Anche sul terzo tema forte, l’immigrazione, il presidente americano ha sostanzialmente mantenuto quanto promesso. Se il Messico non ha in realtà mai pagato «per il nostro grande, bellissimo muro», i primi 700 chilometri (su 3.000) di fortificazioni saranno completati entro dicembre. In ambito sanitario, se ha cancellato l’obbligo introdotto da Barack Obama di acquistare un’assicurazione sanitaria, Trump non ha mai presentato come garantito un’alternativa per rimpiazzare l’Affordable Care Act. Per quanto riguarda l’economia, il radicale taglio delle tasse promesso è stato applicato (anche se leggermente annacquato) e negli ultimi quattro anni, pur non avendo raggiunto la crescita di oltre il 3,5 per cento di media del Pil come promesso, anche a causa della pandemia, ha comunque sfiorato il 3.

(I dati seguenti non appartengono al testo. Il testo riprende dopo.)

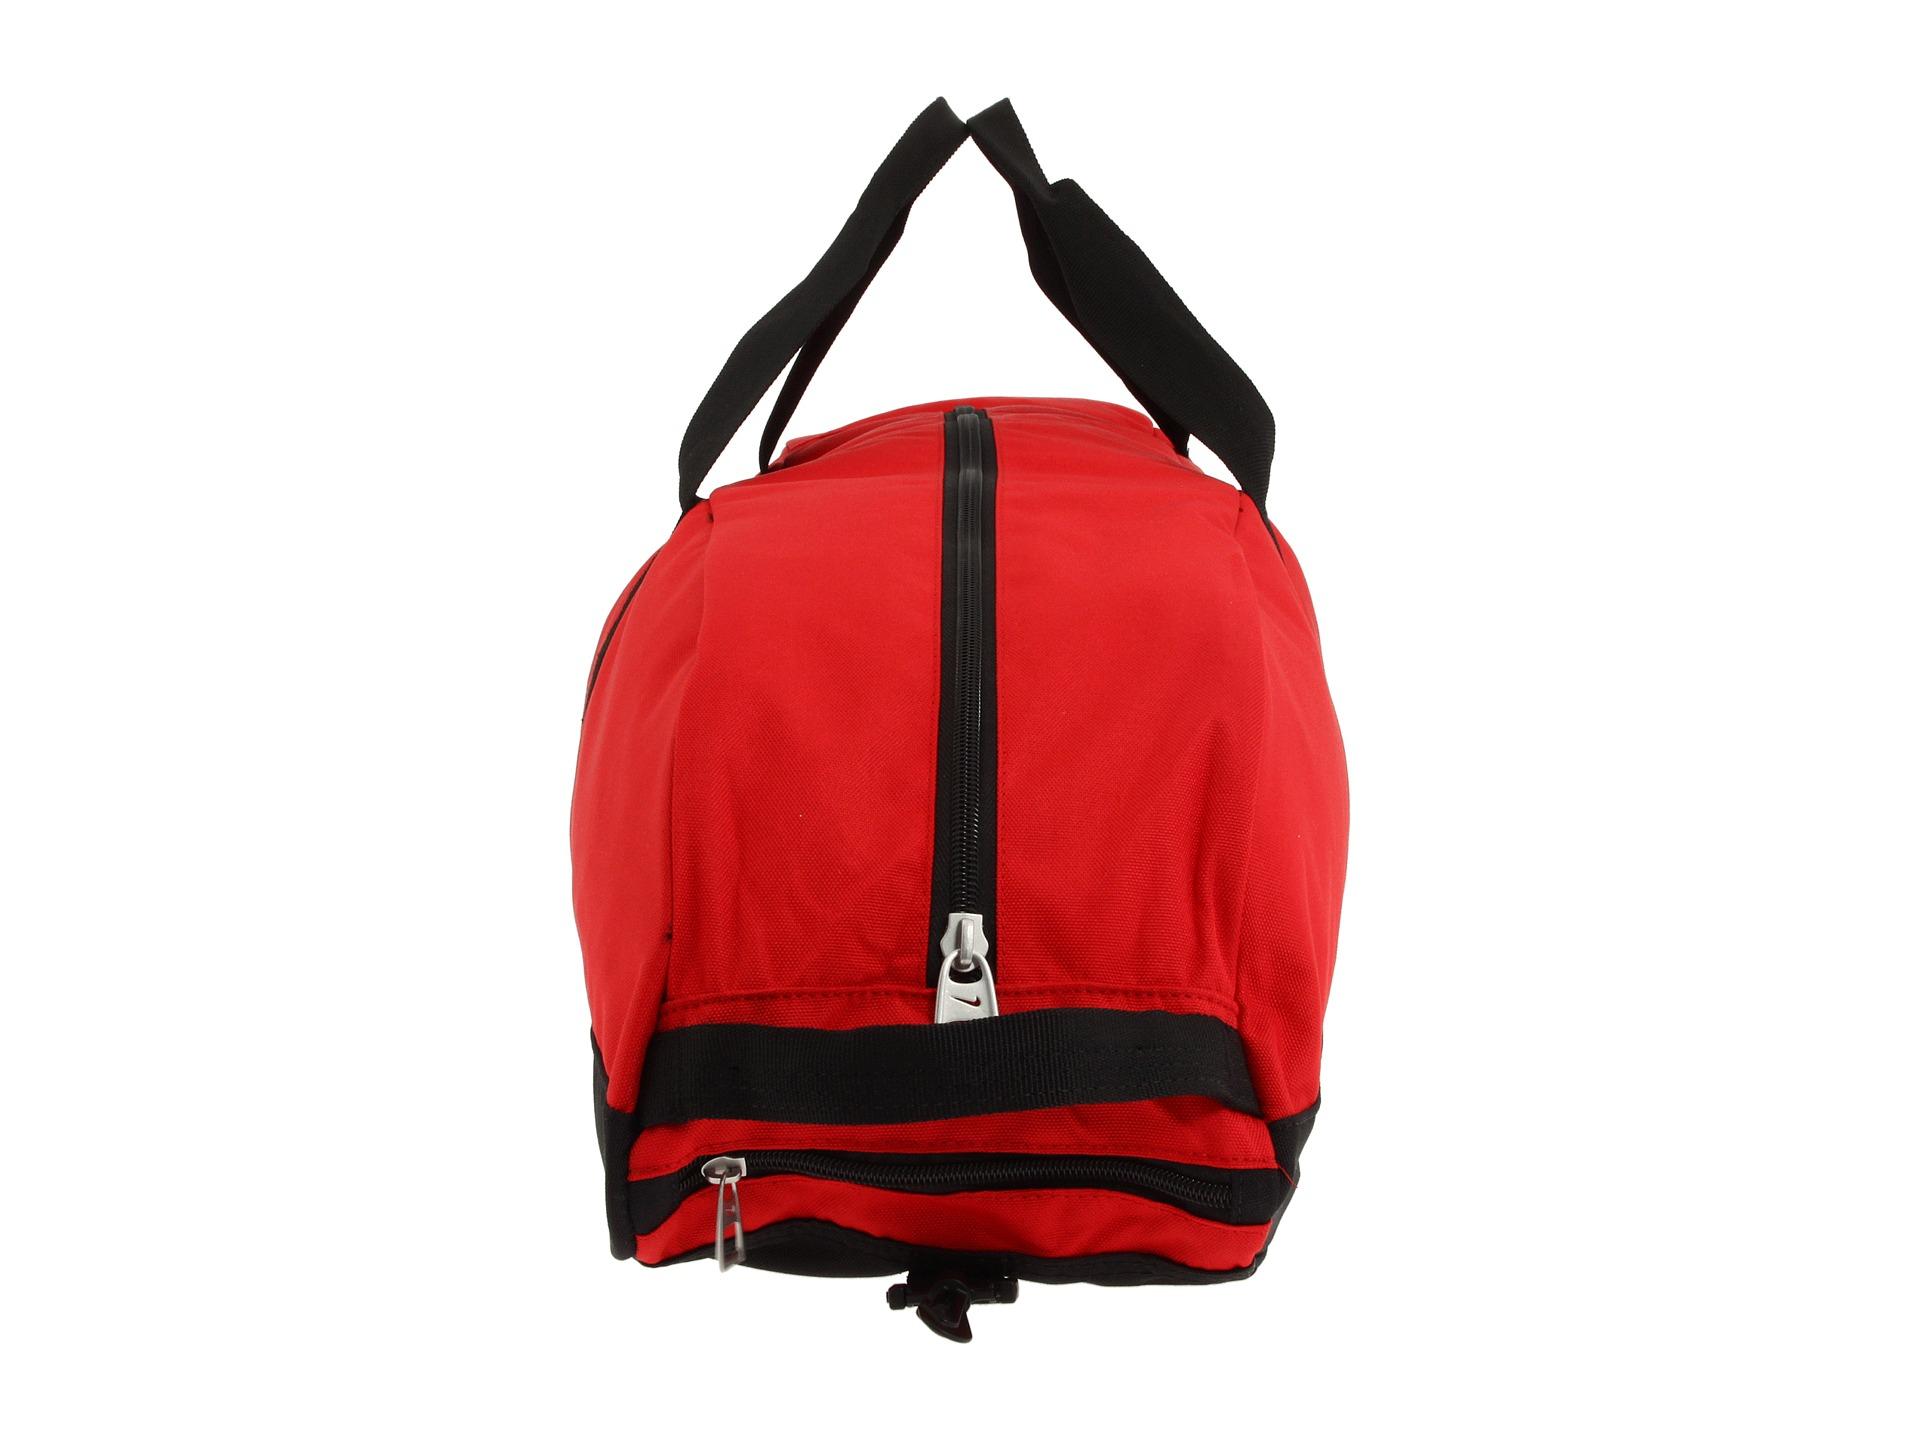 Nike Keystone Baseball Duffel Bag - Large in Red (Varsity ...

Chi ha votato Trump appoggiando la linea nazionalista “America First” in ambito commerciale e internazionale, è rimasto soddisfatto. Trump ha rinegoziato in meglio per gli Usa il trattato commerciale Nafta, è uscito dal Tpp, dal Consiglio Onu per i diritti umani e ha interrotto il finanziamento dell’Organizzazione mondiale per la sanità. Ha inoltre dichiarato una guerra commerciale senza precedenti alla Cina, senza riuscire però a migliorare l’ultra negativa bilancia commerciale con il Dragone, osteggiando e imponendo nuovi dazi all’Unione Europea.

C’è infine un ultimo elemento: Biden non dimentica mai di rivendicare la sua fede cattolica e i giornali come il Washington Post scrivono a più riprese che «porta sempre il rosario dovunque vada». Nei suoi spot elettorali, che pullulano di immagini mentre prega, parla delle religiose come di «donne adorabili» che simboleggiano «l’unico modo per rendere il mondo migliore e più sicuro: custodire i propri fratelli». Alle dichiarazioni, però, non sono mai seguiti i fatti: Biden, soprattutto se considerato in ticket con la vicepresidente scelta Kamala Harris, sostiene l’aborto su richiesta e senza limiti. Inoltre, all’indomani della sentenza della Corte suprema che ha riconosciuto il diritto delle Little Sisters of the Poor di non pagare alle dipendenti un’assicurazione sanitaria contenente contraccettivi e aborto, Biden ha promesso di «ripristinare la politica approvata da me e Obama», che Trump ha abolito. Non esattamente quel rispetto per la libertà religiosa che un elettore cattolico potrebbe aspettarsi.

Alla marcia per la vita

The Donald, al contrario, pur non avendo il curriculum da buon cristiano che circonda tanto Biden quanto il vicepresidente repubblicano Mike Pence, è stato definito da molti il presidente più pro life della storia americana. Ha infatti sostenuto tutte le cause care agli evangelici, che sono parte fondamentale della sua base conservatrice: ha partecipato in prima persona e parlato alla Marcia per la vita, ha nominato due giudici conservatori alla Corte suprema, ha smantellato una direttiva dell’amministrazione Obama a difesa dei finanziamenti a Planned Parenthood, colosso abortivo americano, ha messo il veto sull’erogazione dei fondi federali alle Ong che praticano aborti, ha ritirato i finanziamenti al fondo delle Nazioni Unite per la popolazione per non foraggiare programmi di pianificazione familiare, ha assistito gli obiettori di coscienza, ha donato una parte dei fondi Usaid ai cristiani perseguitati in Iraq e ha protestato contro leggi come quella di New York che consente l’interruzione di gravidanza fino al nono mese. Lo ha fatto per convenienza politica? Certo. Intanto i suoi elettori sanno che è pronto a rifarlo per altri quattro anni. La corsa per la Casa Bianca è più aperta che mai.